▶ _SOURCE DATA_:
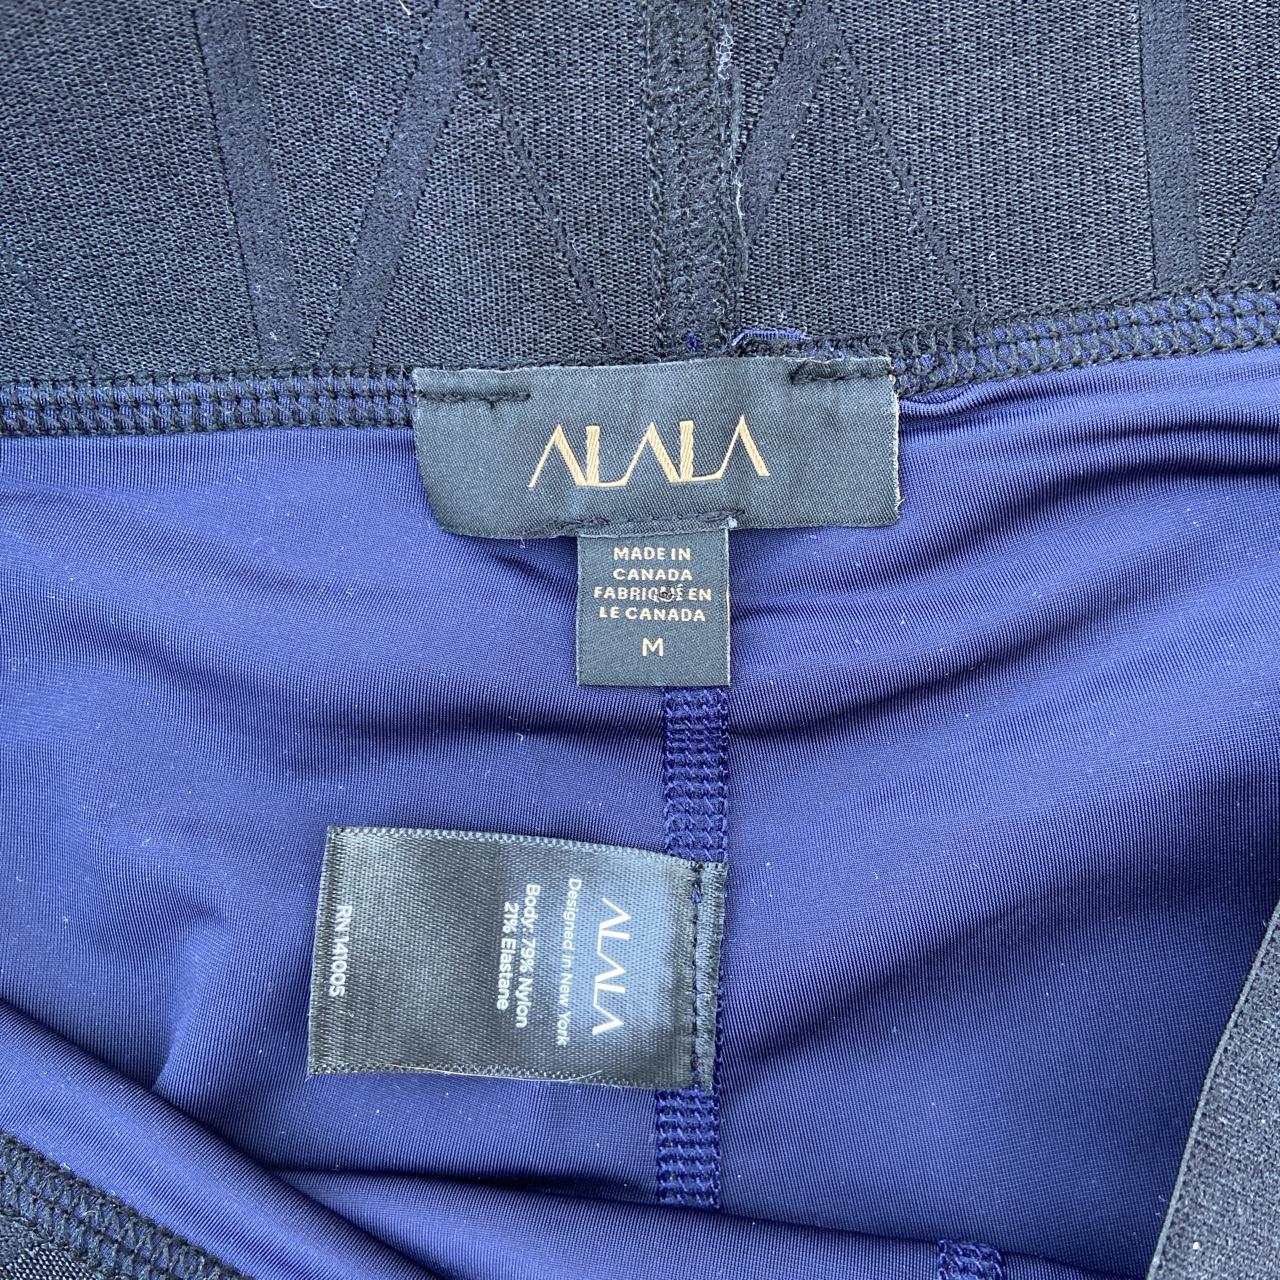 Product Image 4 - Alala leggings designed in New
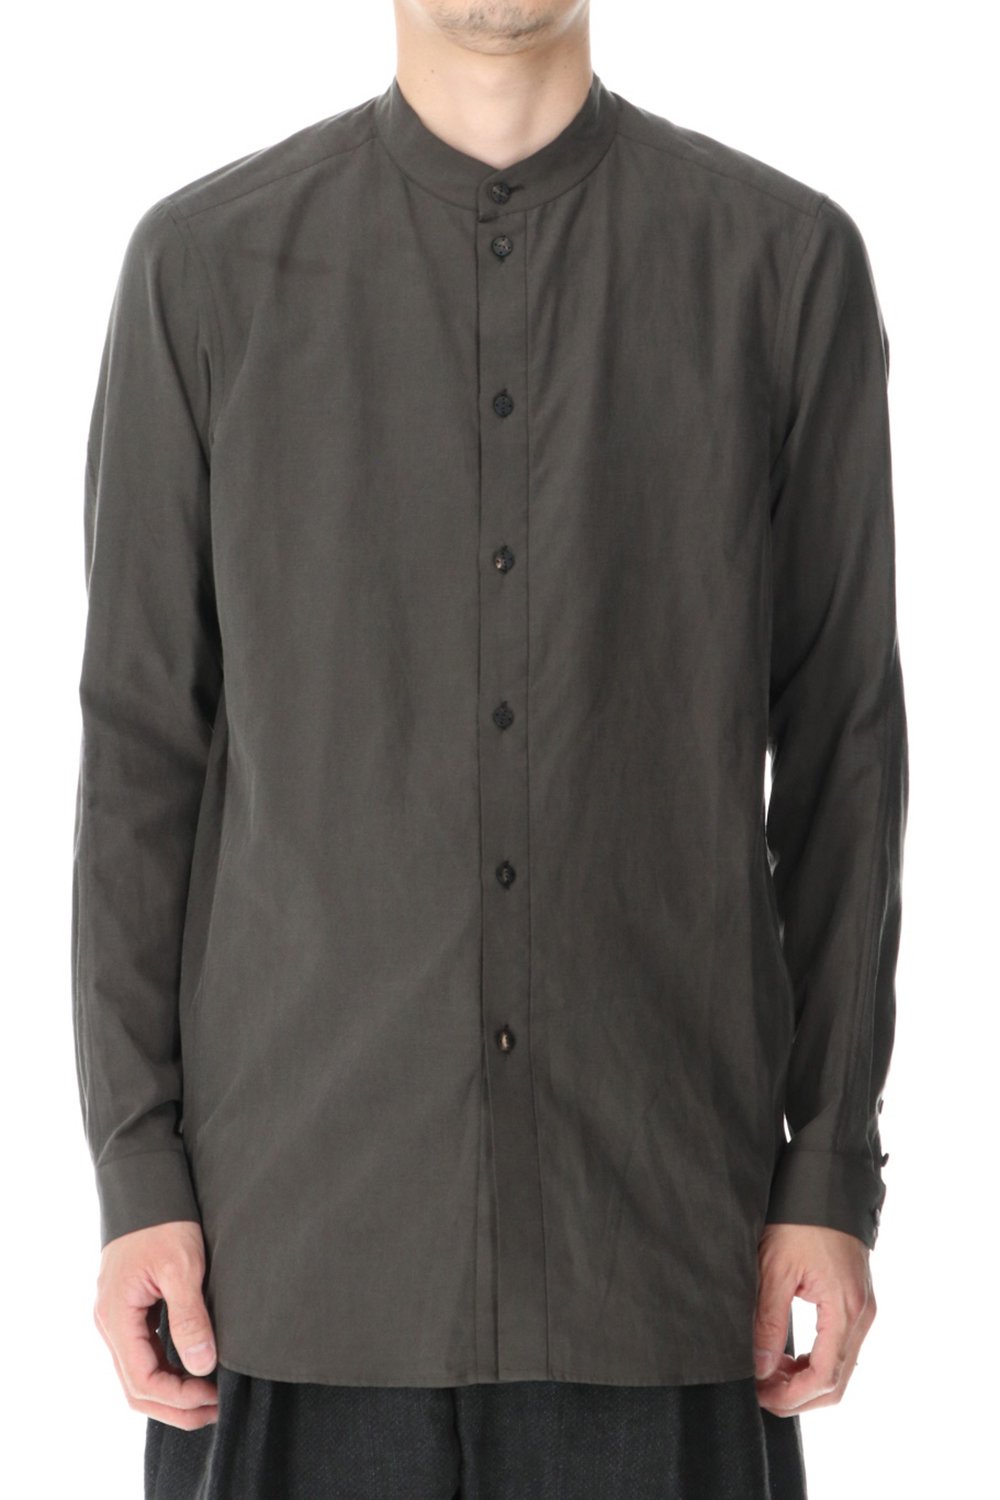 SHK-CSM-Gray Shirt silk/cotton broad sandblast finish Gray DEVOA Online ...
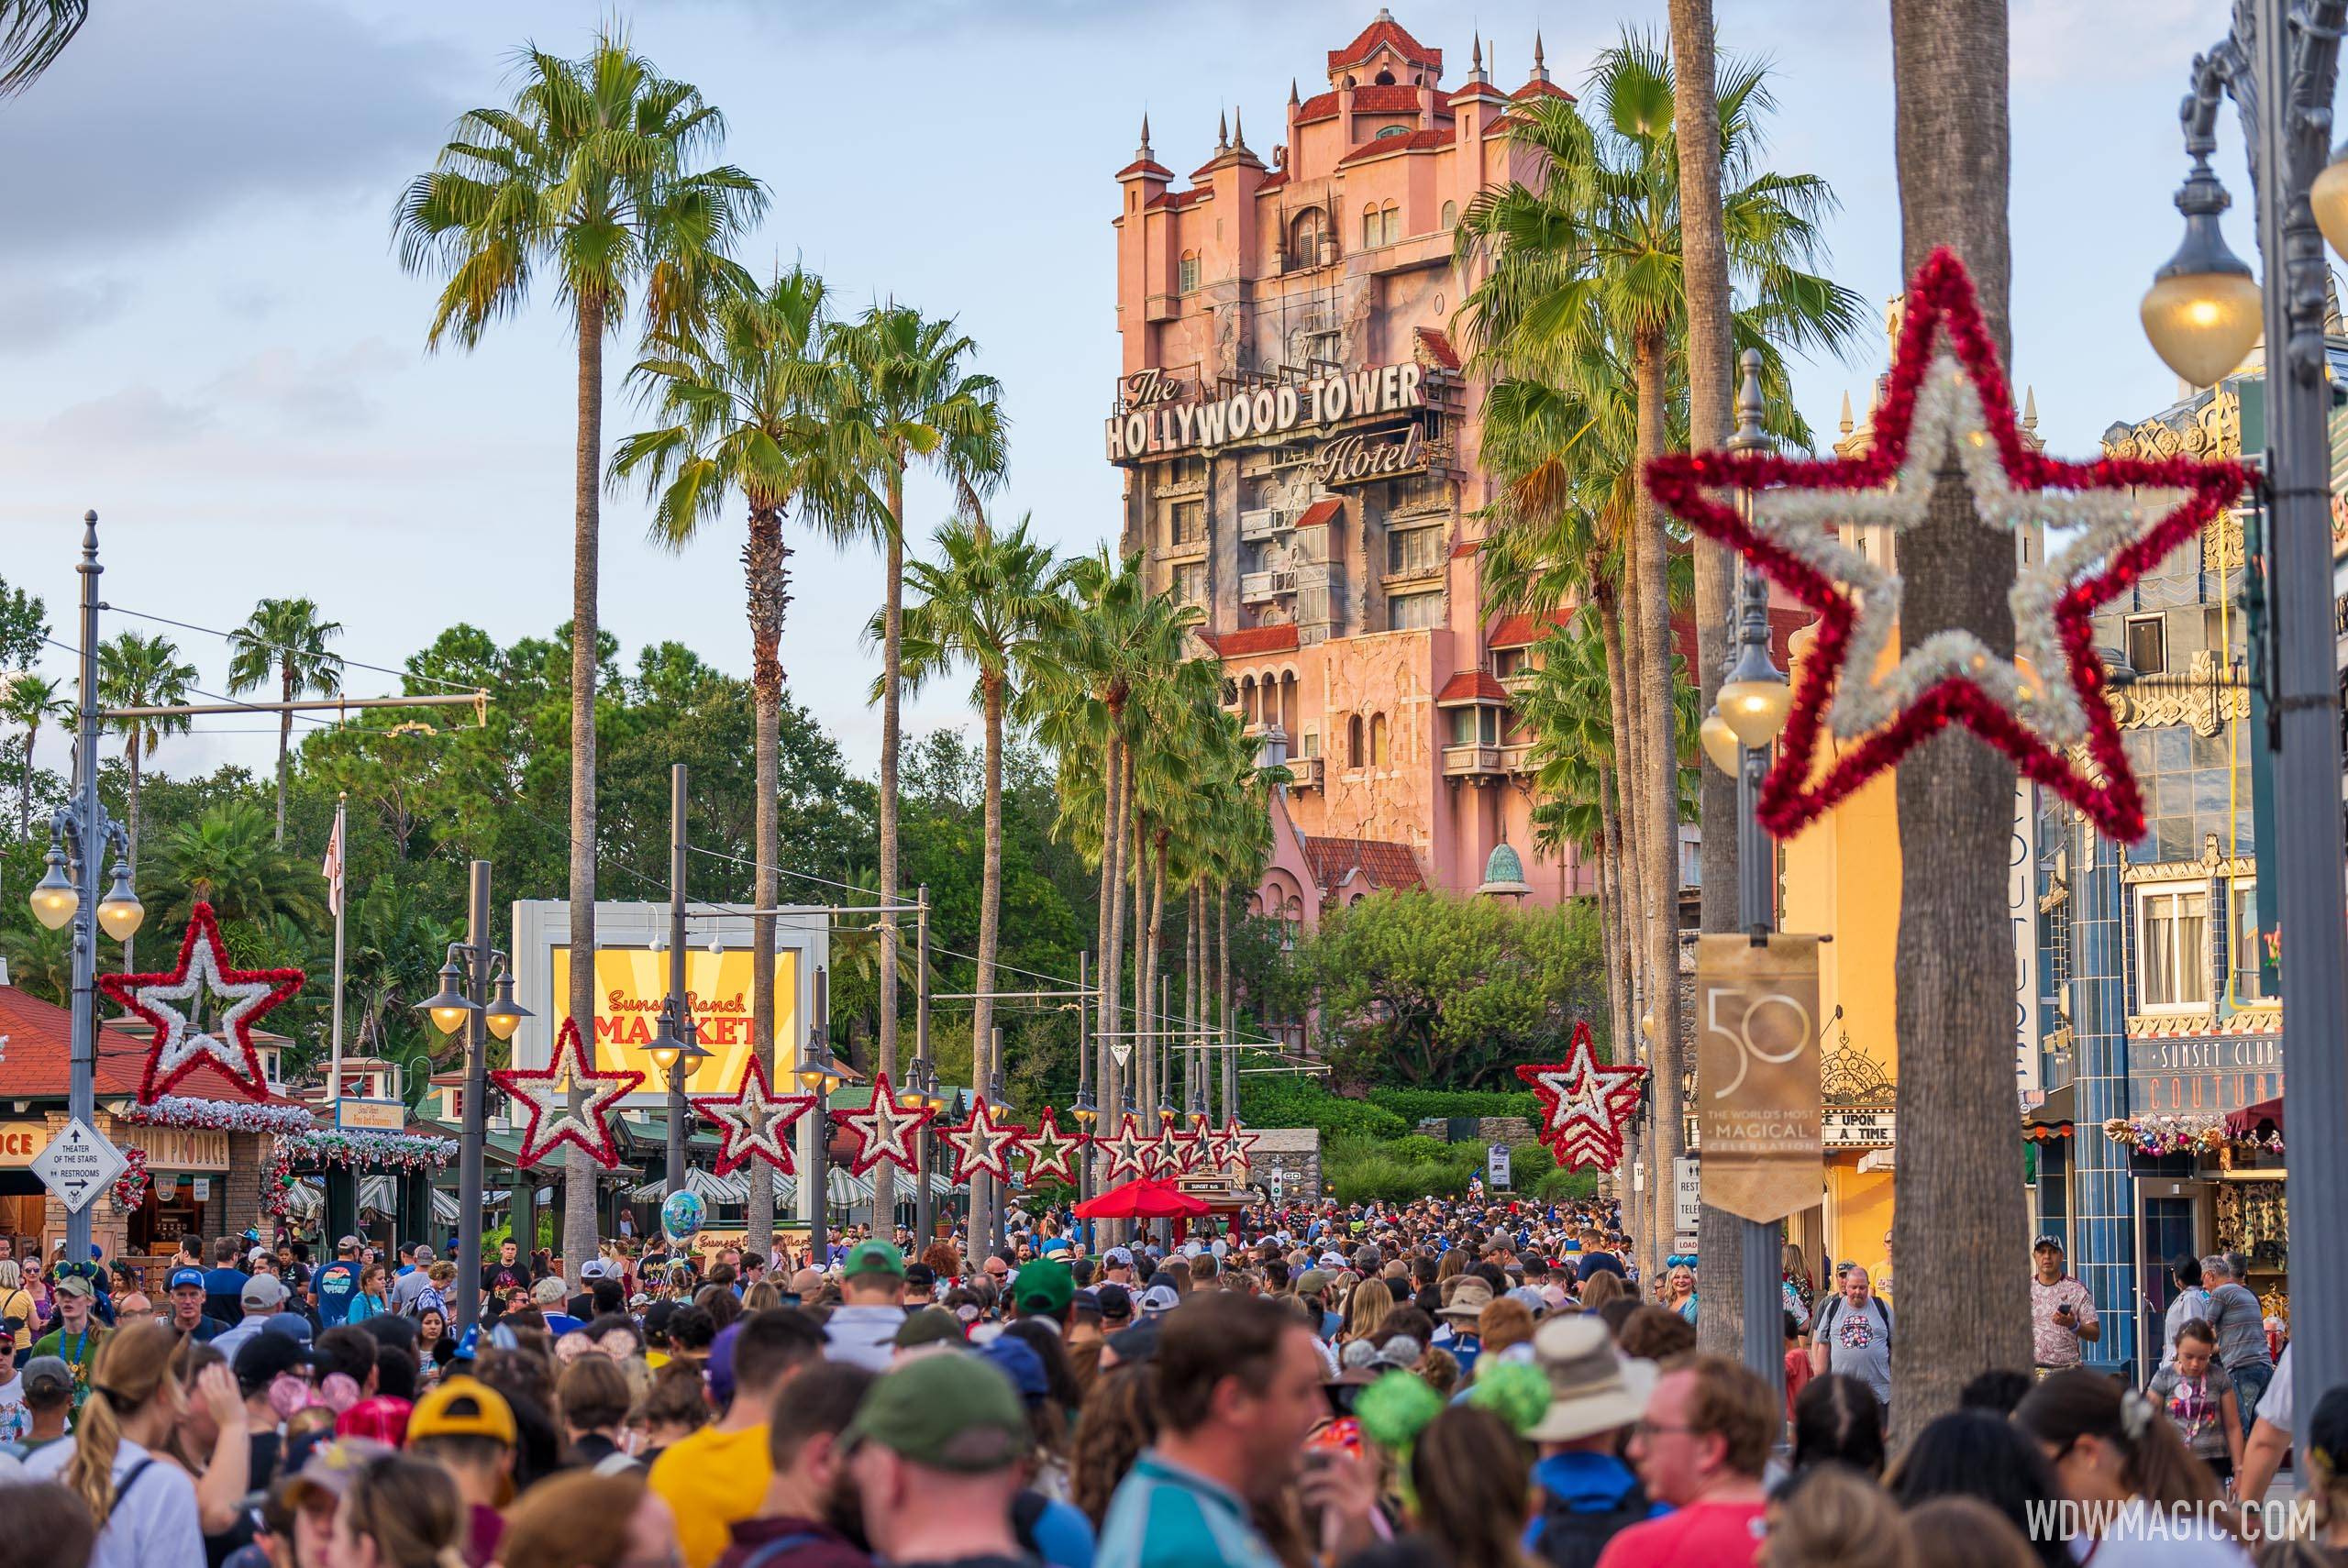 Huge crowds greet the return of Fantasmic! at Walt Disney World

▶ _TASK DESCRIPTION_: Nothing but the pictures is to be left out; the rest of the listing should be copied exactly.

▶ _COMPLETED TASK_:
 Product Image 4 - Alala leggings designed in New
 SHK-CSM-Gray Shirt silk/cotton broad sandblast finish Gray DEVOA Online ...
 Huge crowds greet the return of Fantasmic! at Walt Disney World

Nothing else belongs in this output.